One of the reasons Ingrid Bergman is my favorite black and white movie star is because she refused point blank to let them pluck her eyebrows thin as was the norm for actresses. And she was regarded as one of the most beautiful women in hollywood.
I have strong dark eyebrows courtesy of my Greek genes with quite a defined angular arch and I really like them.

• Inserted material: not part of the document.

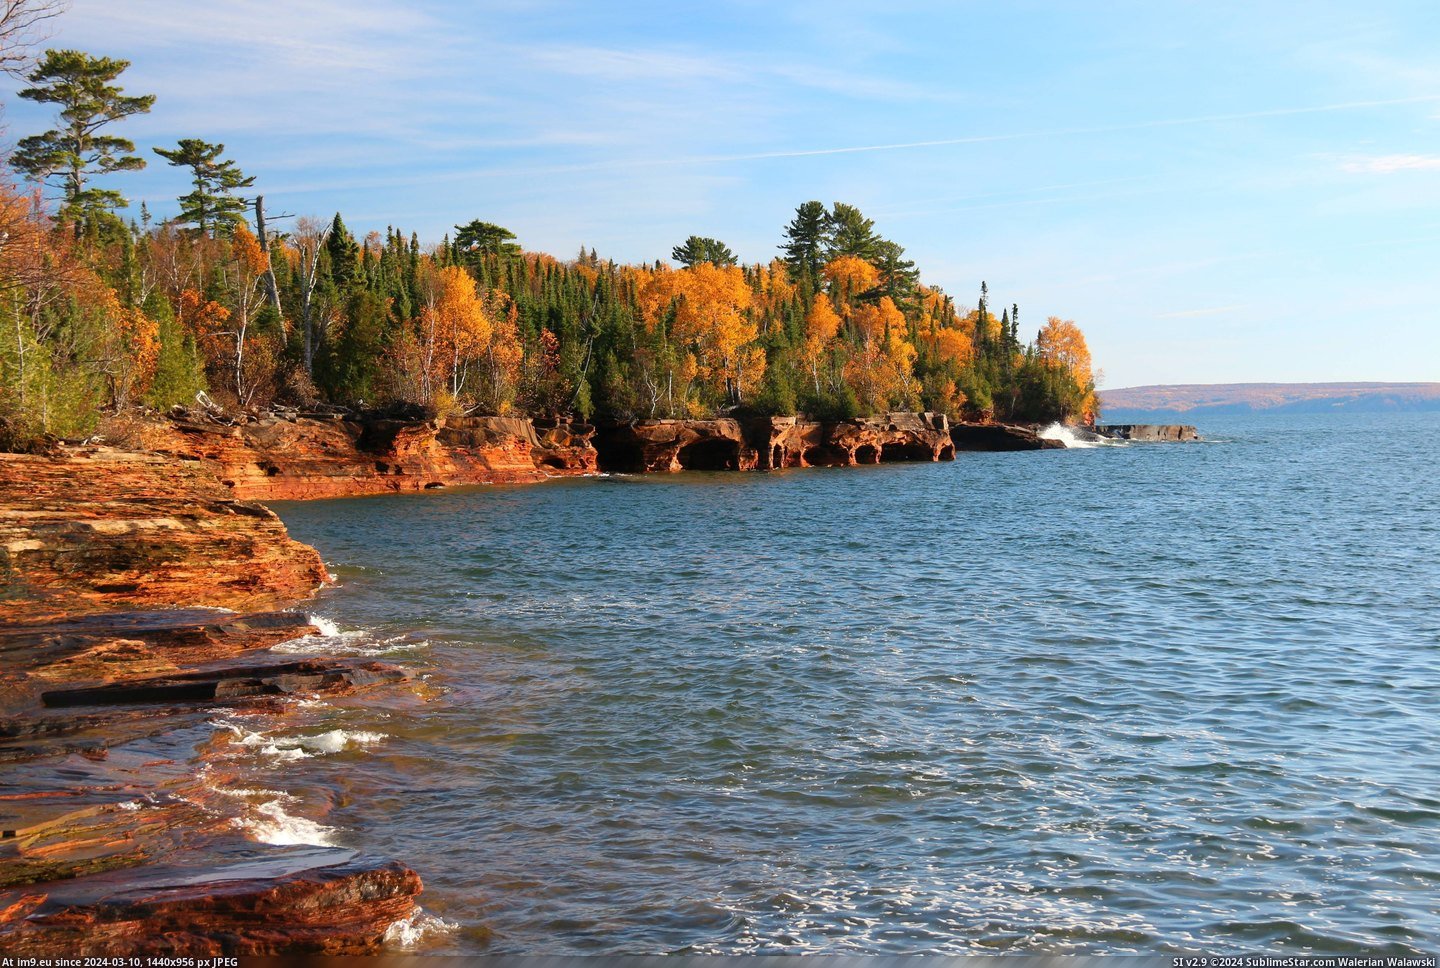 #National #Island #Fall #Wisconsin #4000x2667 #Apostle #Lakeshore #Islands #Devil #Colors [Earthporn] Fall colors on Devil's Island. Apostle Islands National Lakeshore, Wisconsin. [OC] [4000X2667] Pic. (Image of album My r/EARTHPORN favs))

I pluck them, but only to keep the edge neat and defined and to exaggerate the arch a bit (and also to prevent the beginnings of a uni-brow, darned Mediterraneans hairiness!).
As to looking younger than you are, I am hoping that my Mother’s good genes are passed down to me, as she is in her mid 50s and has the skin of someone in their early 40’s.
She did however pass on certain tips for keeping good skin when you’re older:
1) Give your face breaks from make up as often as possible
2) Invest in the best foundation you can afford, avoid cheap stuff like the plague
3) Be religious about removing it before bed
4) Always moisturise, even if it feels like you skin doesn’t need it, and do it morning and night
5) Always moisturise your neck
6) Use suncream or something with spf in it
7) Don’t use normal sun cream on your face, buy something specially for the face
8) Drink lots of water
She also warned me at a very early age to be careful about your shoes, particularly when your feet are still growing. Don’t wear heels every day or to work, and don’t wear shoes that don’t fit properly when you are young. She learnt the hard way and has terrible bunions now.
And in other news, dragon!: http://theplaceinsidetheblizzard.tumblr.com/post/47953677252/thats-khaleesi-to-you
Okay, I’m sorry for randomly dumping this here, but I really can’t think of a place to talk about it.
There’s this one woman I talk with who was going on the importance of being ladylike, and how you should wear a slip and sit with your knees together when you have a skirt, and pick things up in a skirt in the right way so people can’t see your underwear to protect your modesty, and it just rubbed me the wrong way but I can’t figure out why.
@Historophilia
I have greek blood too! I remember hating how “hairy” (In quotes because i now realize it’s not actually that hairy) my face was when I was younger. But now, I have affection even for my ladymustache.
Manosphere – I present the woman who knows how to fulfill all your deepest fantasies about this…
http://youtu.be/_kIUPU1I_3o
Are you man enough…?
@Fade
Probably slut shaming. Though I was just trying to point out I didn’t care if I was “lady like” but I don’t think she got it.